By this time, Charles Darwin claimed that he had never attacked religion in either his writings or his public speeches. He admitted that this probably was due largely to the emotional pain it would have caused his family. In The Autobiography of Charles Darwin, published posthumously, his wife Emma and their son Francis excised quotes by Charles about Christianity because they deemed them detrimental to his reputation.

In 1958, Charles Darwin’s granddaughter Nora Barlow published a revised version of this book which included the following deleted quotes:

“The [New Testament] Gospels cannot be proved to have been written simultaneously with the events, – that they differ in many important details, far too important as it seemed to me to be admitted as the usual inaccuracies of eyewitness; – by such reflections as these, which I give not as having the least novelty or value, but as they influenced me, I gradually came to disbelieve in Christianity as a divine revelation” (p. 86).

“I can indeed hardly see how anyone ought to wish Christianity to be true; for if so the plain language of the text seems to show that the men who do not believe, and this would include my Father, Brother and almost all my best friends, will be everlastingly punished. And this is a damnable doctrine” (p. 87).

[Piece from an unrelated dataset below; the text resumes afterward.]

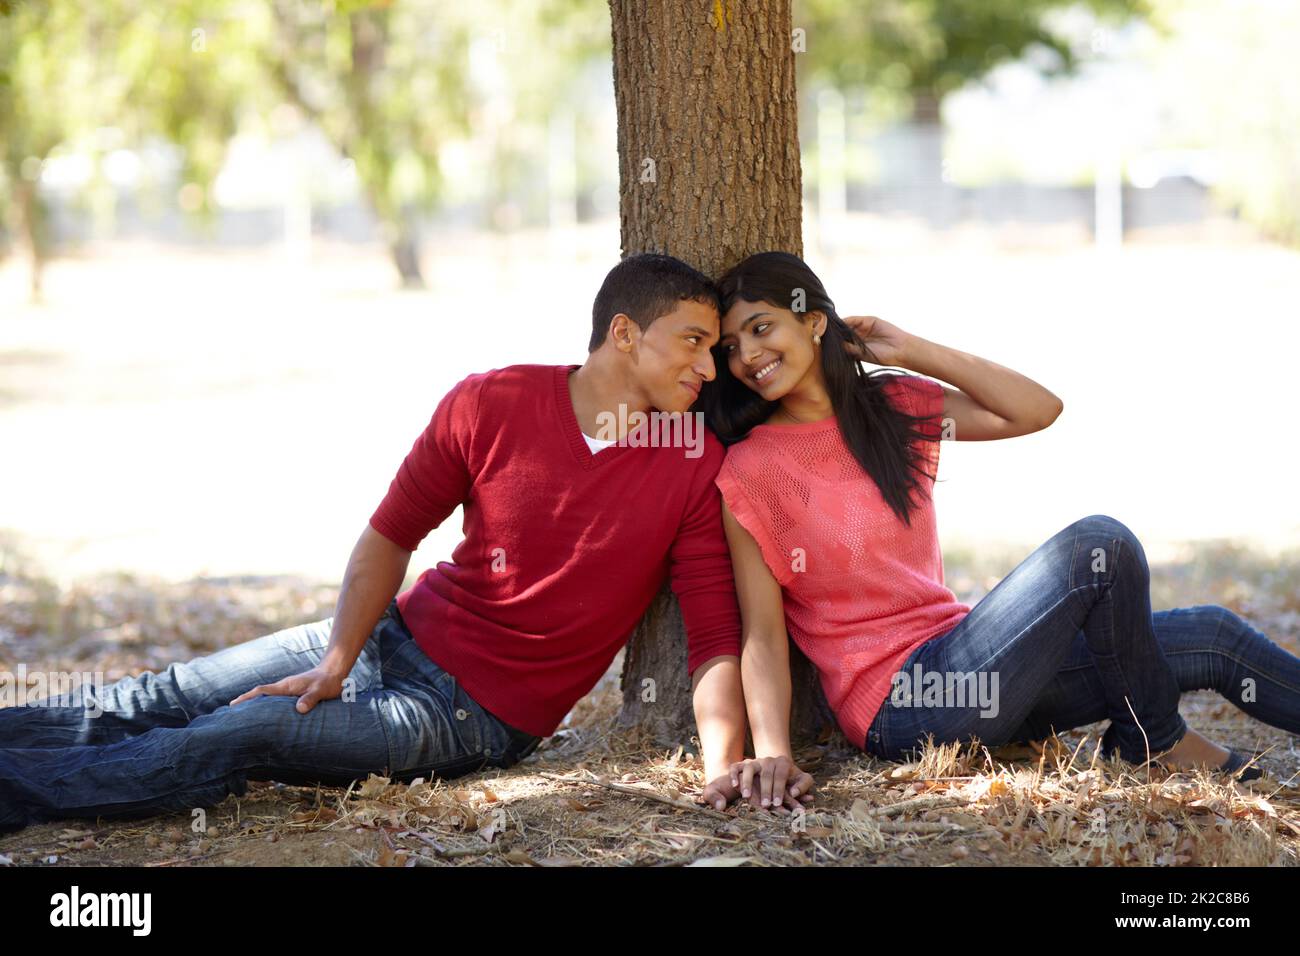 Jeune amour. Photo d'un jeune couple affectueux assis ensemble sous un arbre dans le parc. Banque D'Images
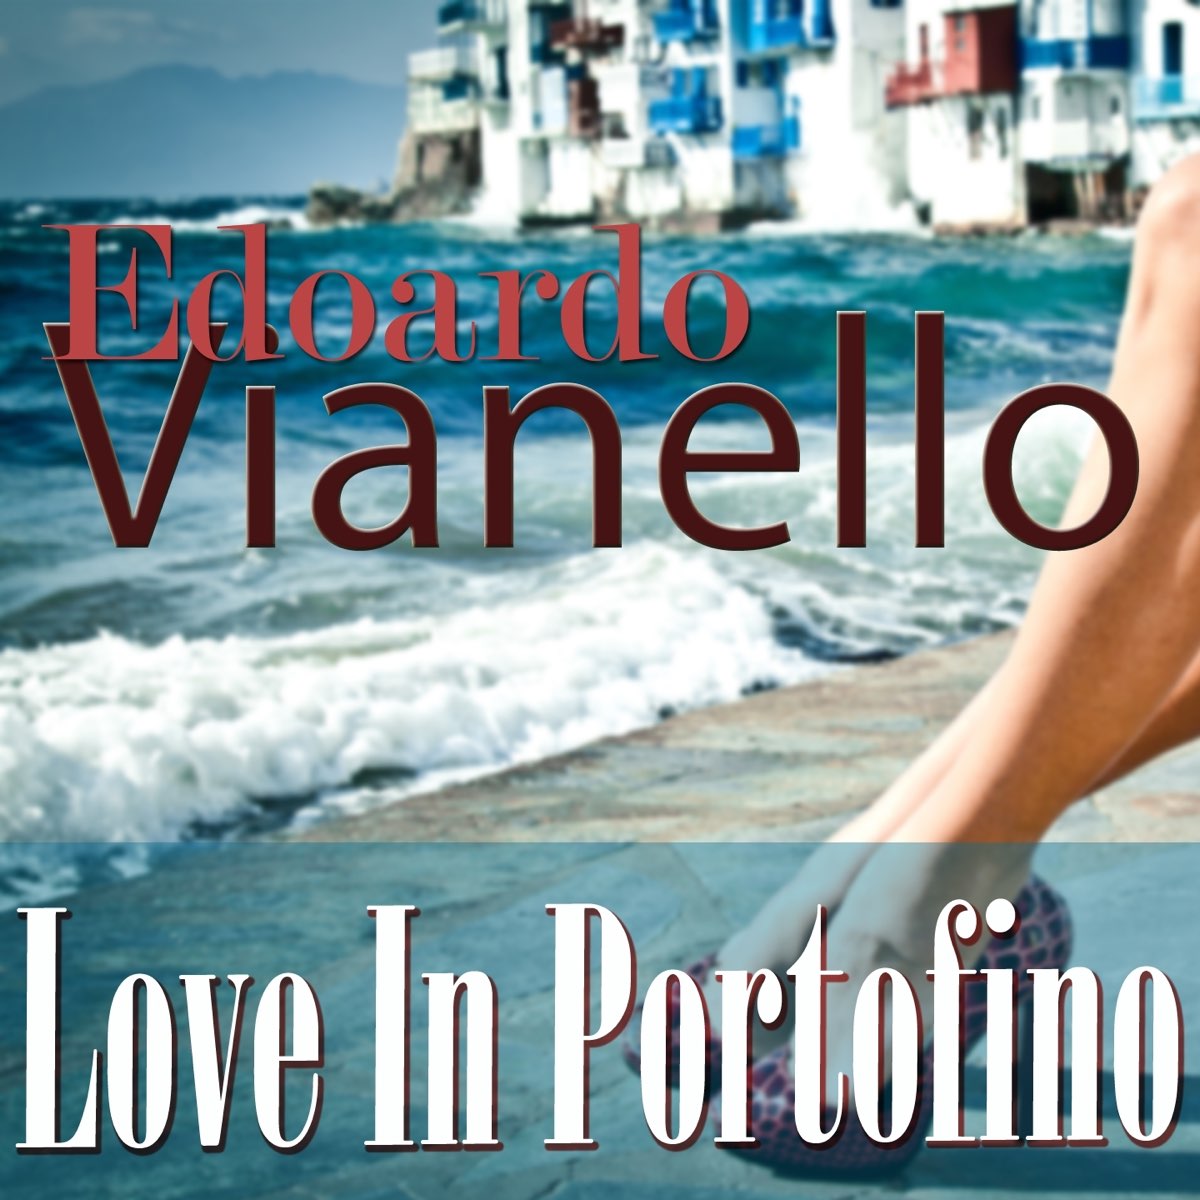 Love in portofino. Love in Portofino (песня). Love in Portofino винил. Лов ин Портофино минус.

“At the present day (ca. 1872) the most usual argument for the existence of an intelligent God is drawn from the deep inward conviction and feelings which are experienced by most persons. . . . This argument would be a valid one if all men of all races had the same inward conviction of the existence of one God: but we know that this is very far from being the case. Therefore I cannot see that such inward convictions and feelings are of any weight as evidence of what really exists” (p. 91).

Charles Darwin remains one the most towering figures of the modern western world. But he was never knighted to become Sir Charles in his native land because he originally embraced Christian Faith and then fell away to become an agnostic the remainder of his life. Yet his wife held steadfastly to her Christian convictions.

The marriage of Charles and Emma Darwin seems like a microcosm of something Jesus predicted in his Olivet Discourse. He said, “many will fall away” from the faith; “but the one who endures to the end will be saved. And this good news of the kingdom will be proclaimed throughout the world, as a testimony to all the nations; and then the end will come” (Matthew 24.10, 13 NRSV).

What is “the end”?–Jesus comin’ back! Are you ready, like Emma was? Or has Charles Darwin and others convinced you otherwise?